Western Digital (WDC) shares advance on robust AI storage demand and analyst confidence
Western Digital shares are advancing sharply today, driven by robust AI-related demand for data storage and positive analyst sentiment. The stock is currently trading at $432.29, marking a 10.6% increase from yesterday's close of $390.99.
The surge reflects growing investor confidence in the company's position within the expanding artificial intelligence ecosystem. Bullish analyst upgrades, notably from Morgan Stanley, have further propelled the stock, reinforcing optimism surrounding the escalating demand for high-capacity storage solutions critical to AI infrastructure.
This latest move extends significant year-to-date gains for the large US storage manufacturer, which exceed 182%. The company benefits from the HDD oligopoly's projected 23% compound annual growth rate in nearline cloud storage through 2028, alongside its ongoing strategic NAND business spin-off.
Why AI's hunger for storage is rewriting Western Digital's growth equation
Western Digital manufactures hard disk drives and NAND flash memory chips. Data centres, cloud providers, and PC makers are their customers. They make money by selling storage capacity; the more data the world generates and needs to keep accessible, the more they sell.
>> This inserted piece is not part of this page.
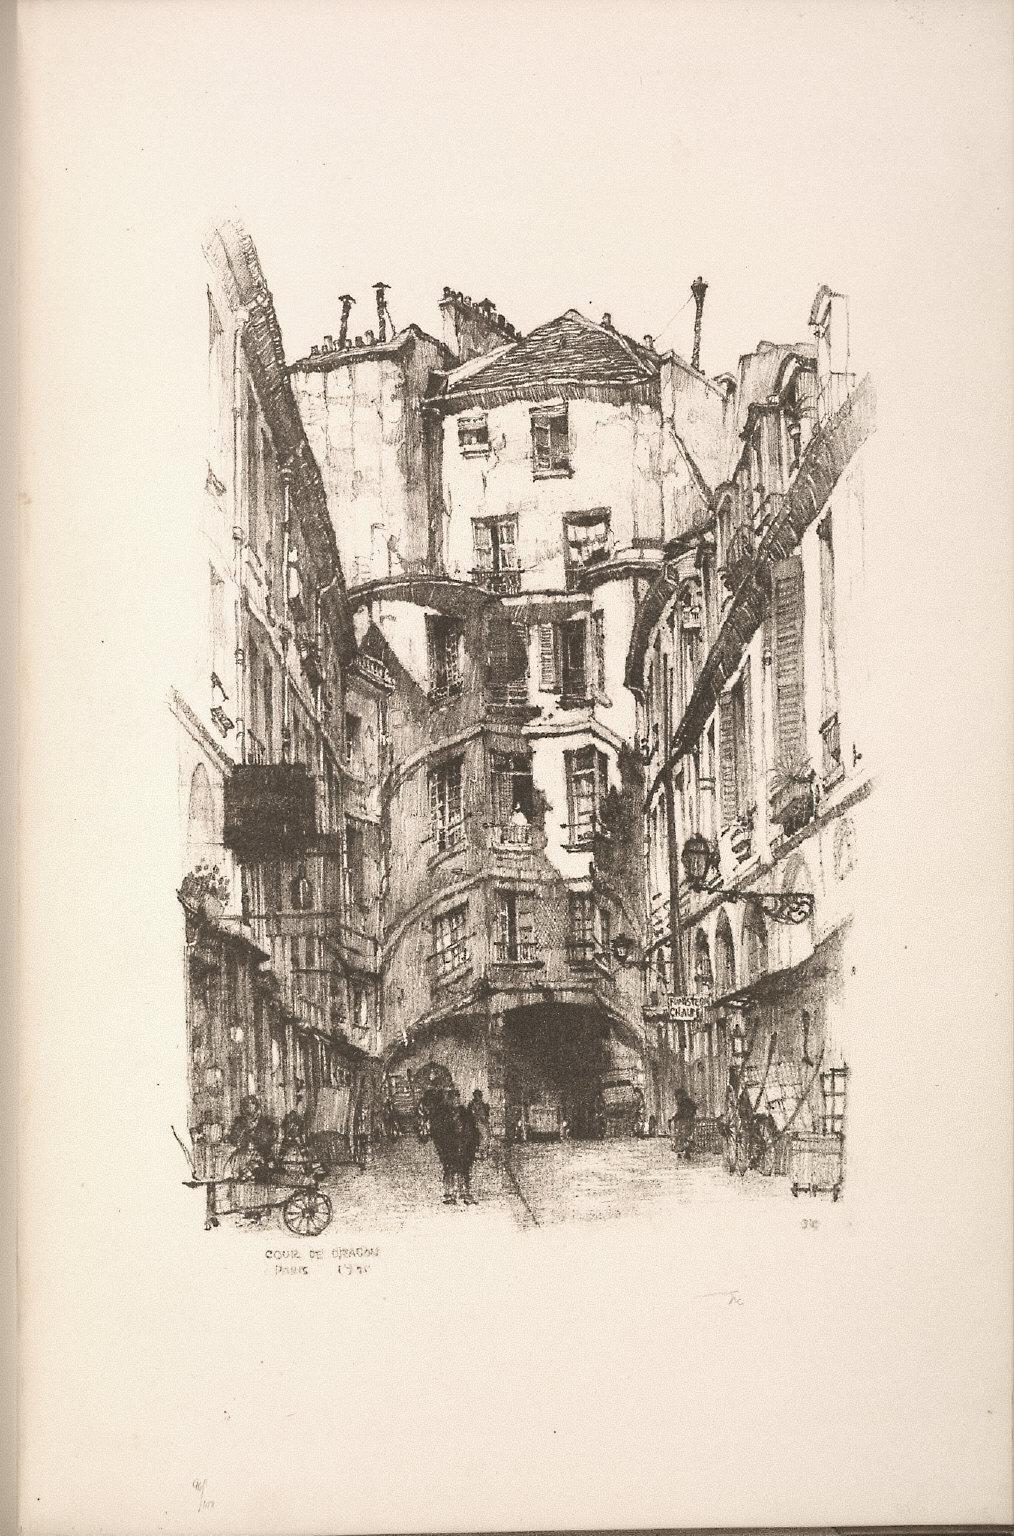 Twenty Lithographs of Old Paris: Cour du Dragon, Paris

The mechanic here is supply and demand in a specific market segment. Cloud providers building out AI infrastructure need enormous quantities of nearline storage, the kind that sits between hot data (constantly accessed) and cold archives (rarely touched). Western Digital operates in what the recap calls an HDD oligopoly, meaning only a handful of companies control this market. Analysts at Morgan Stanley have evidently recalculated their models to reflect a 23 per cent compound annual growth rate in this exact segment through 2028, alongside confidence in the company's NAND spin-off strategy. When a duopoly or oligopoly faces a structural demand surge in its core market, the math changes dramatically for incumbents.
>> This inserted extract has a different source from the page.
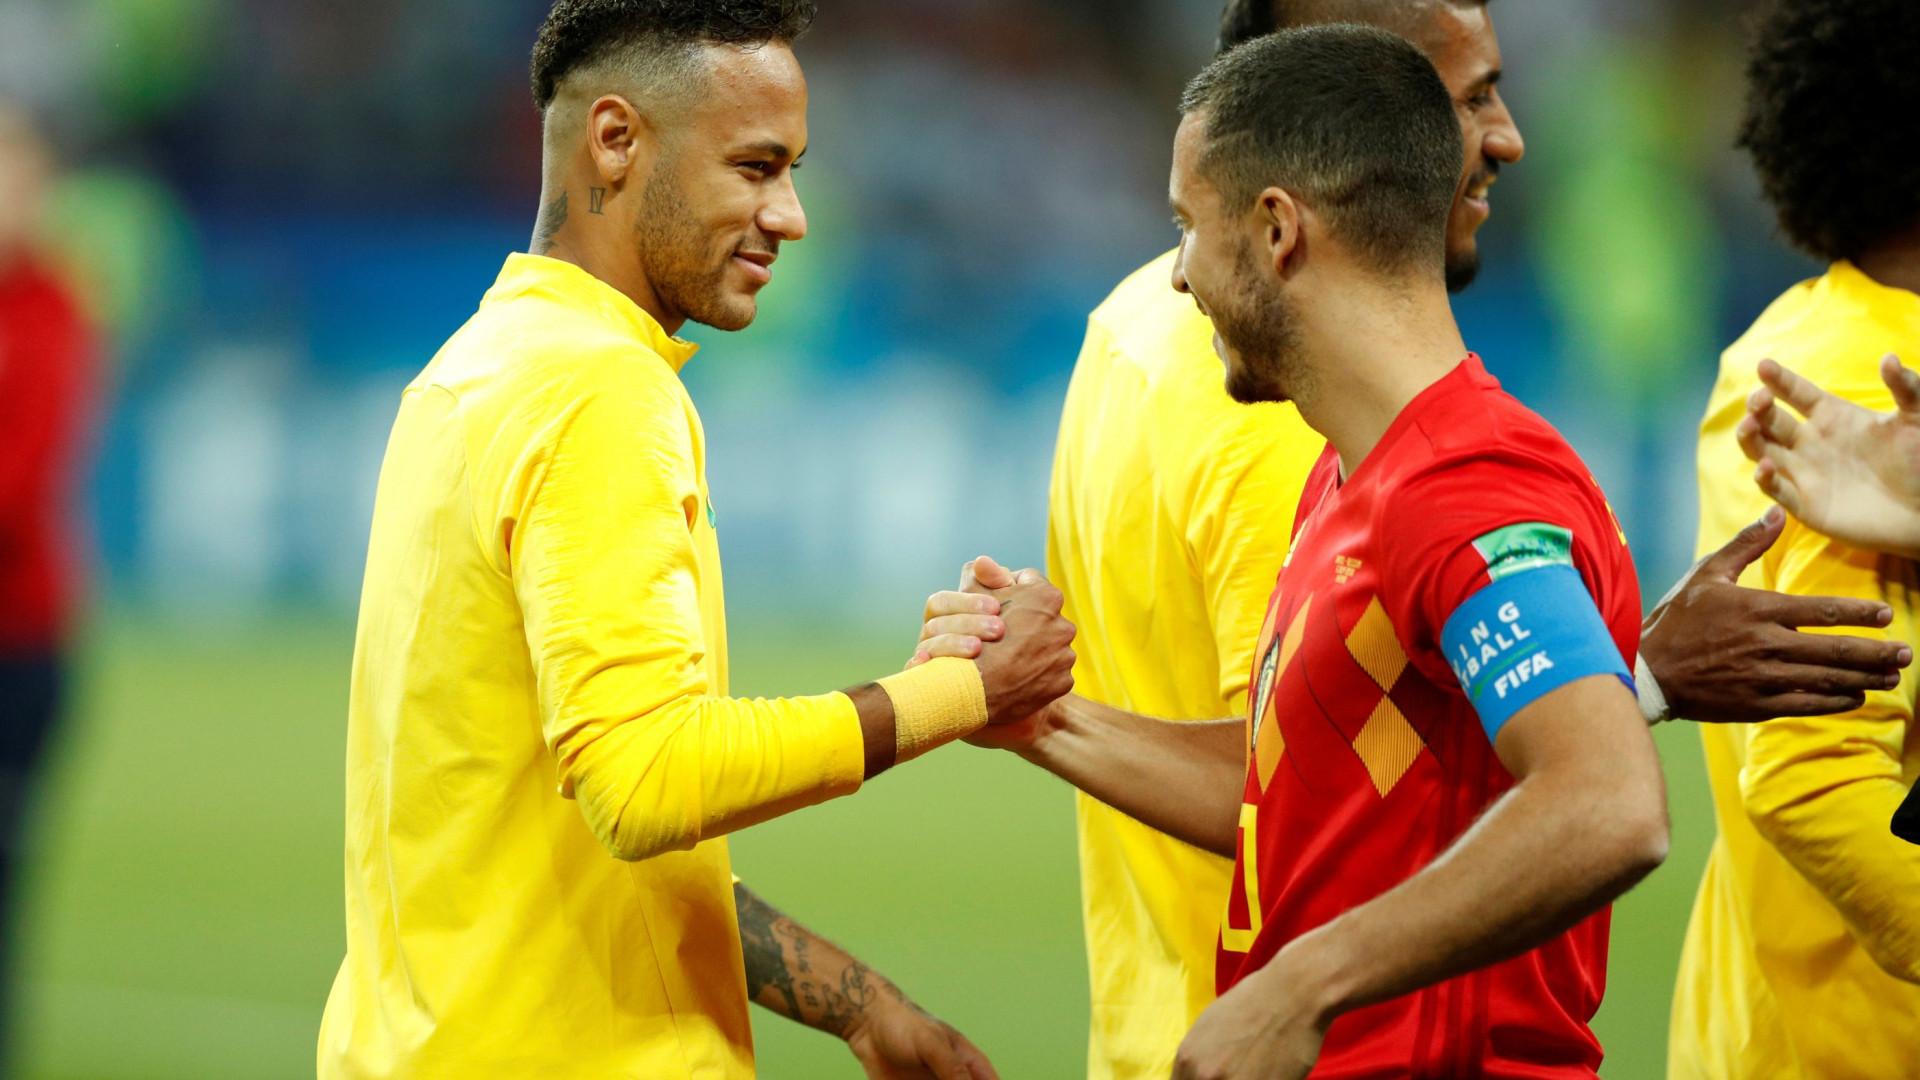 Quem é o melhor? Hazard escolhe entre Neymar, Messi e Ronaldo

The stock is trading at $432.29, up 10.6 per cent from yesterday's close of $390.99. That move reflects the market repricing Western Digital's earnings potential across the next few years based on this revised growth forecast.
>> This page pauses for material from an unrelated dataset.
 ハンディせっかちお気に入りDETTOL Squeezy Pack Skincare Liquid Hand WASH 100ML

Think of it like a toll road operator learning that traffic will grow 23 per cent annually instead of 3 per cent. The operator doesn't need to build new roads or change operations much; the existing infrastructure suddenly becomes far more valuable because it will handle far more volume. Western Digital's factories and supply chains are already built. If demand really does accelerate this sharply, profit margins expand without proportional cost increases.

Western Digital
Western Digital Corporation (WDC) develops and manufactures a comprehensive range of data storage devices and solutions. Its product portfolio spans client devices, including hard disk drives (HDDs) and solid-state drives (SSDs) for personal computers, gaming consoles, and smart video systems. WDC also produces flash-based embedded storage for mobile phones, tablets, and various IoT applications, alongside memory wafers. The company provides data centre solutions, offering enterprise helium hard drives, flash-based SSDs, and software for servers and data analysis. Additionally, WDC supplies client solutions such as external HDDs, portable SSDs, removable cards for consumer devices, and USB flash drives. Products are sold under the G-Technology, SanDisk, and WD brands to OEMs, distributors, and retailers across the United States, China, Europe, the Middle East, Africa, and Asia. Western Digital Corporation was founded in 1970 and is headquartered in San Jose, California.